[Opening Dataset content section]

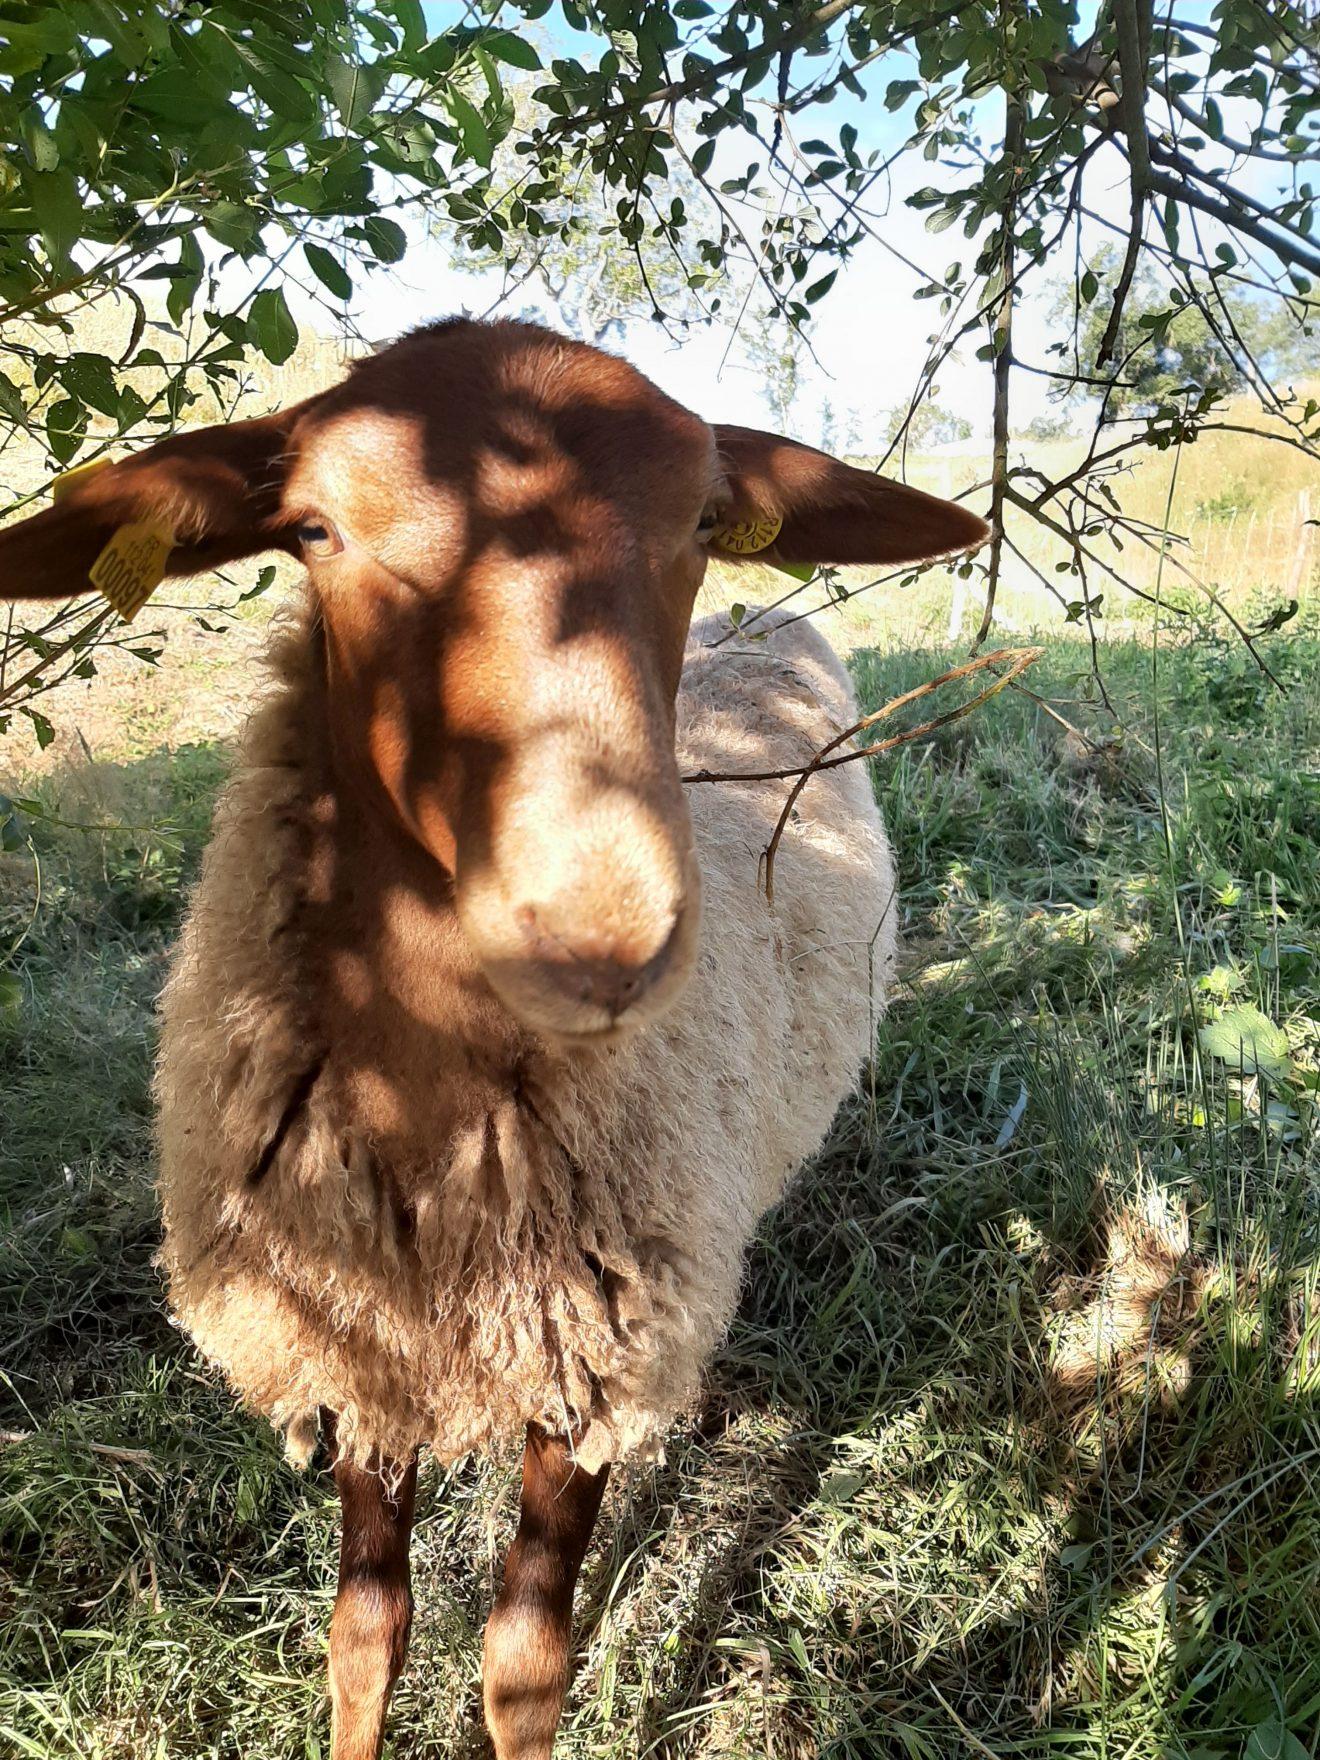 [:fr]L'Estefana - Mouton Julia[:nl]L'Estefana - Schaap Julia[:en]L'Estefana - Sheep Julia[:de]L'Estefana - Schaf Julia[:]
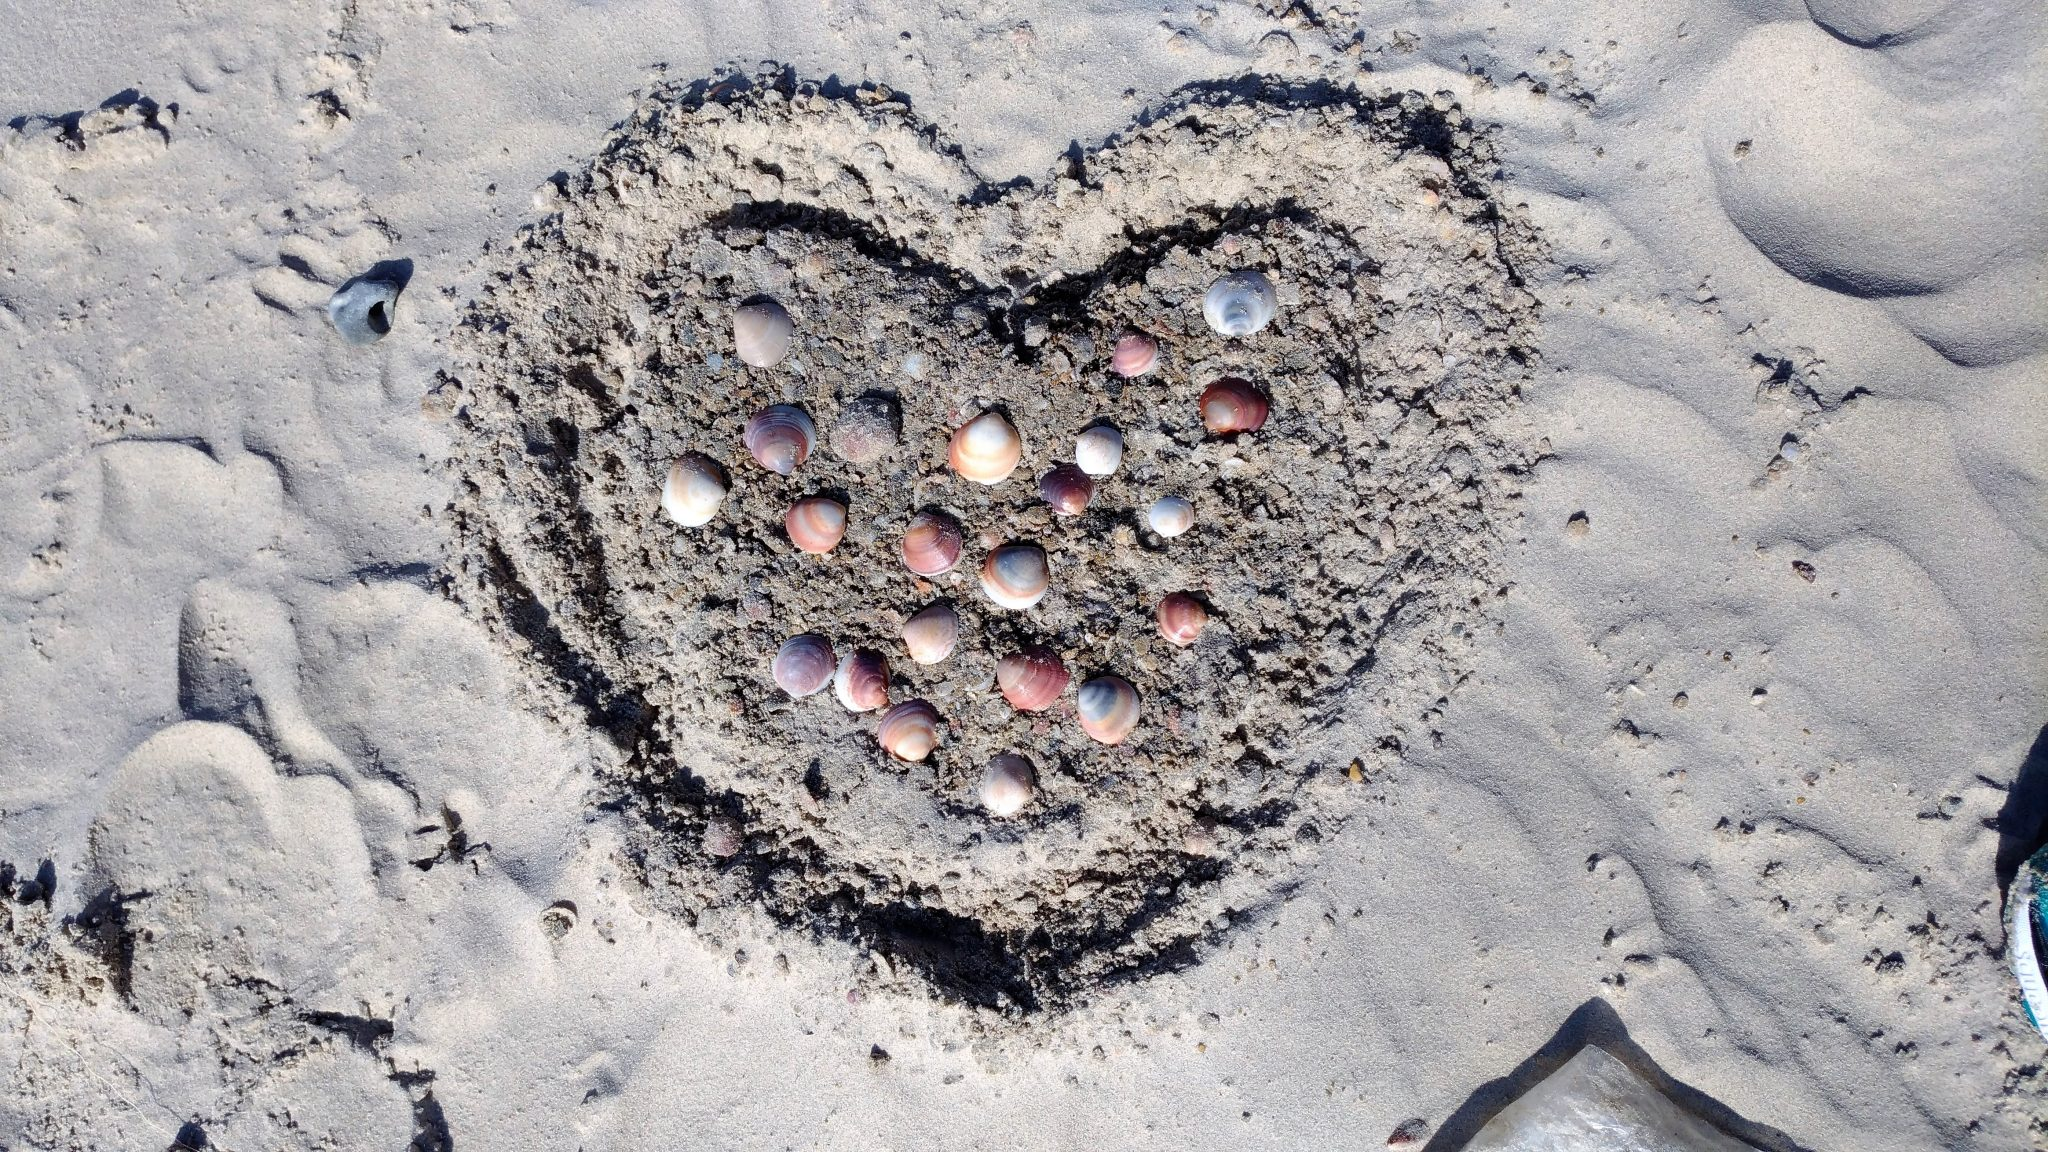 """צדפי לבו של האדם... (יצירה של תלמידות בית יעקב פרי תואר מאלעד) בחוף טיילת שפך נחל חדרה (צילום: ד""""ר ענת אביטל)"""
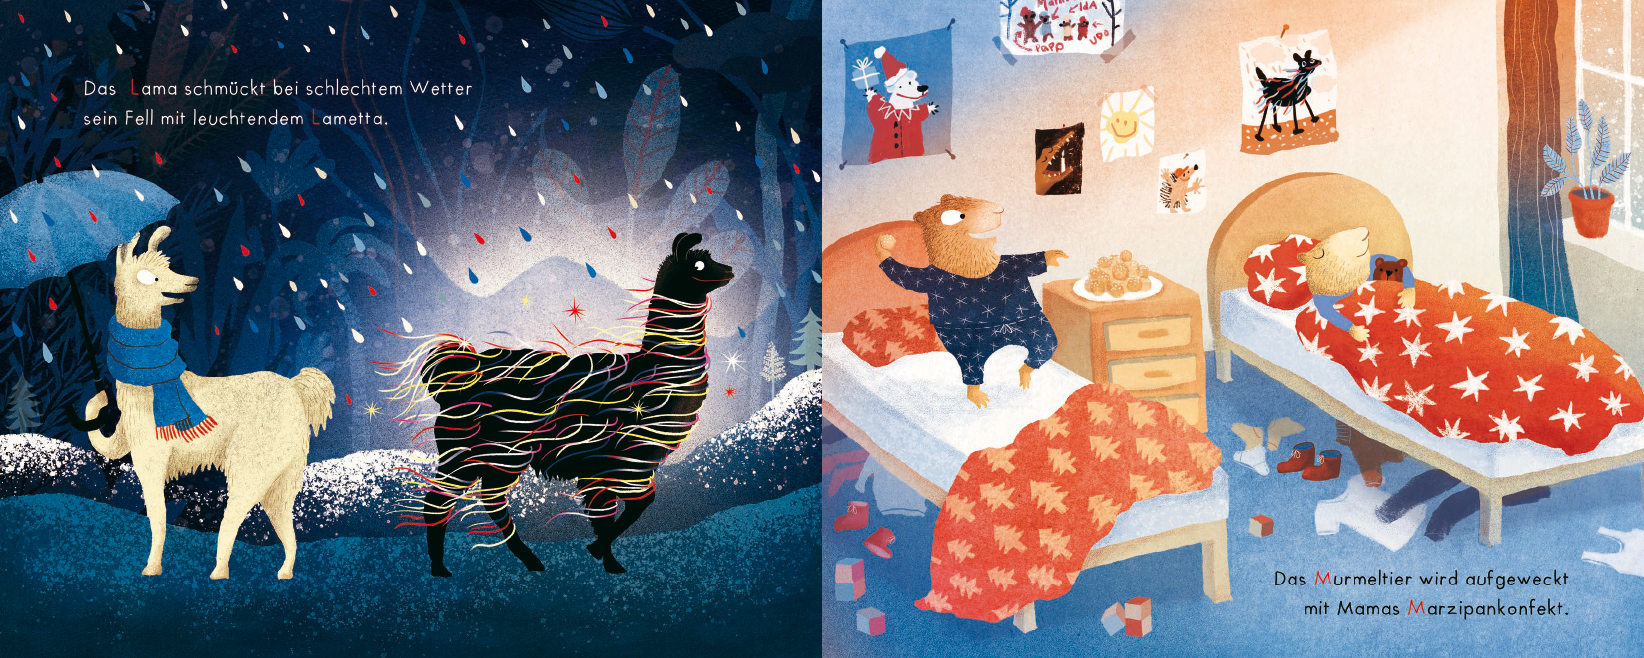 Elsa Klever Illustration Der Fuchs hat seine lieben Nöte beim Halleluja auf der Flöte
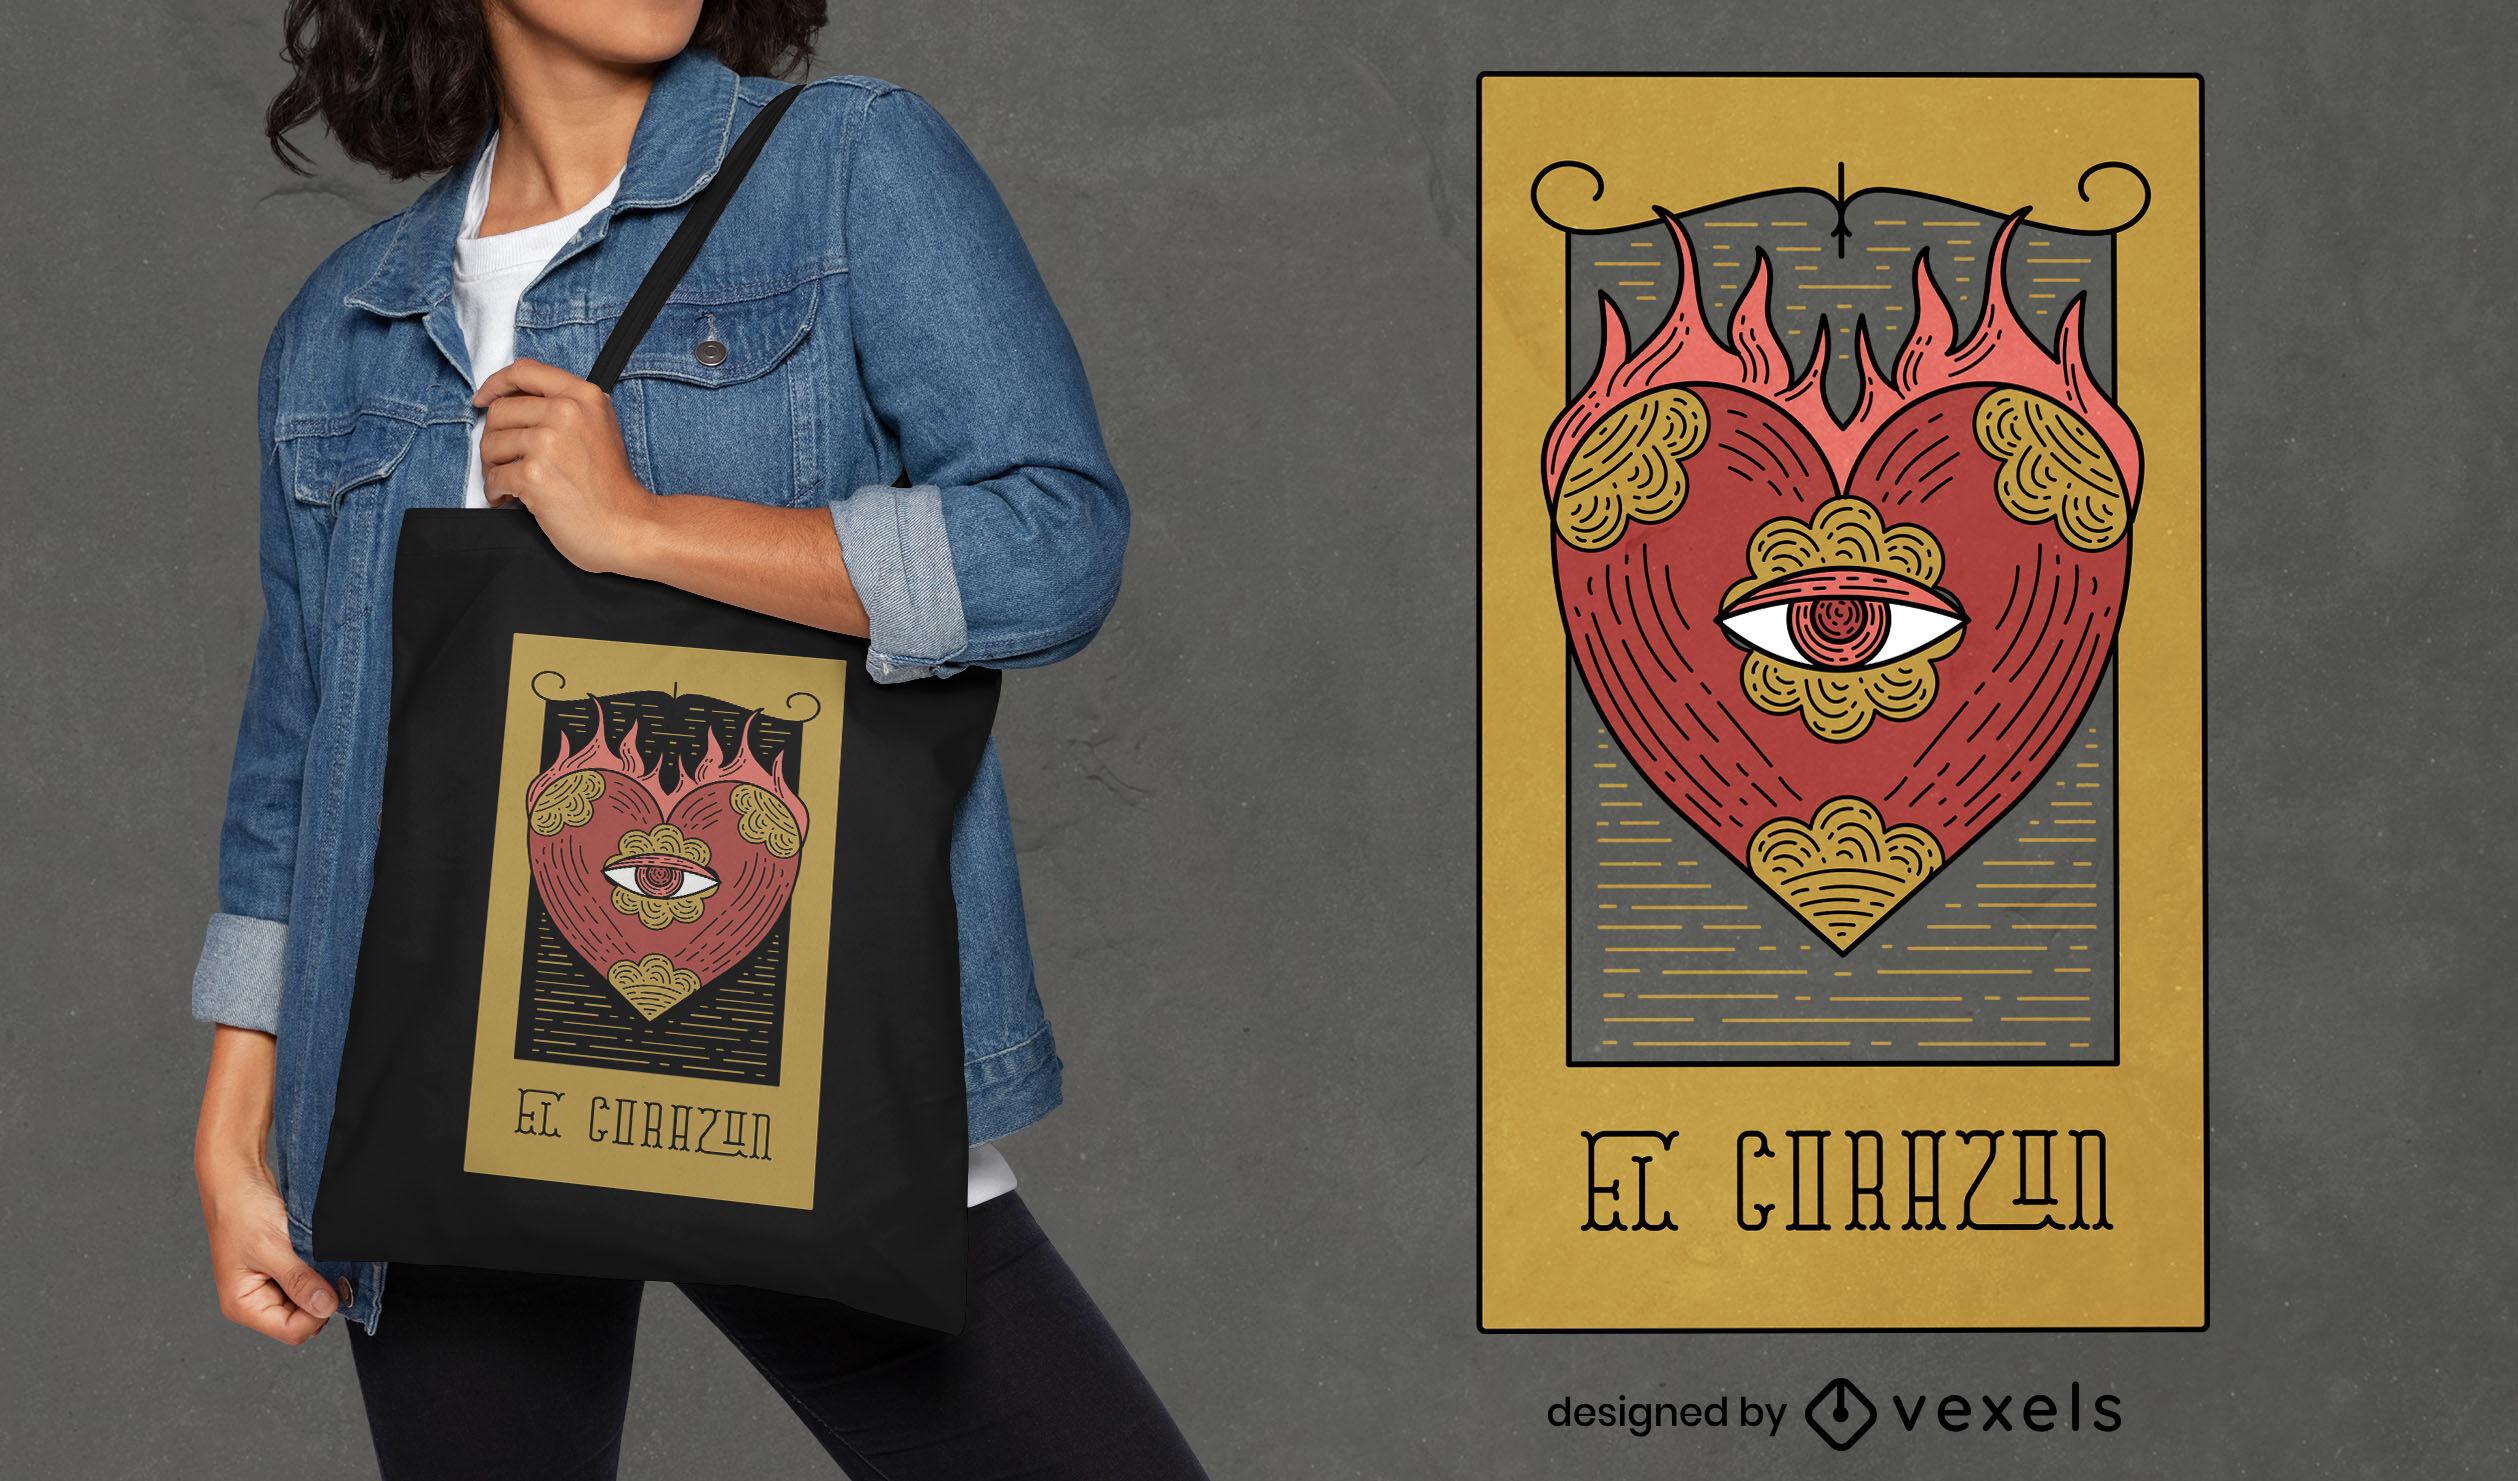 Auge auf Herz-Tarot-Karten-Tragetaschen-Design

[Closing Dataset content section]

How to complete this task -
The required answer is an exact copy of the lines from the one containing "Elsa Klever Illustration" through the last line of the material, with the pictures removed.

Answer area -
 Elsa Klever Illustration Der Fuchs hat seine lieben Nöte beim Halleluja auf der Flöte
 Auge auf Herz-Tarot-Karten-Tragetaschen-Design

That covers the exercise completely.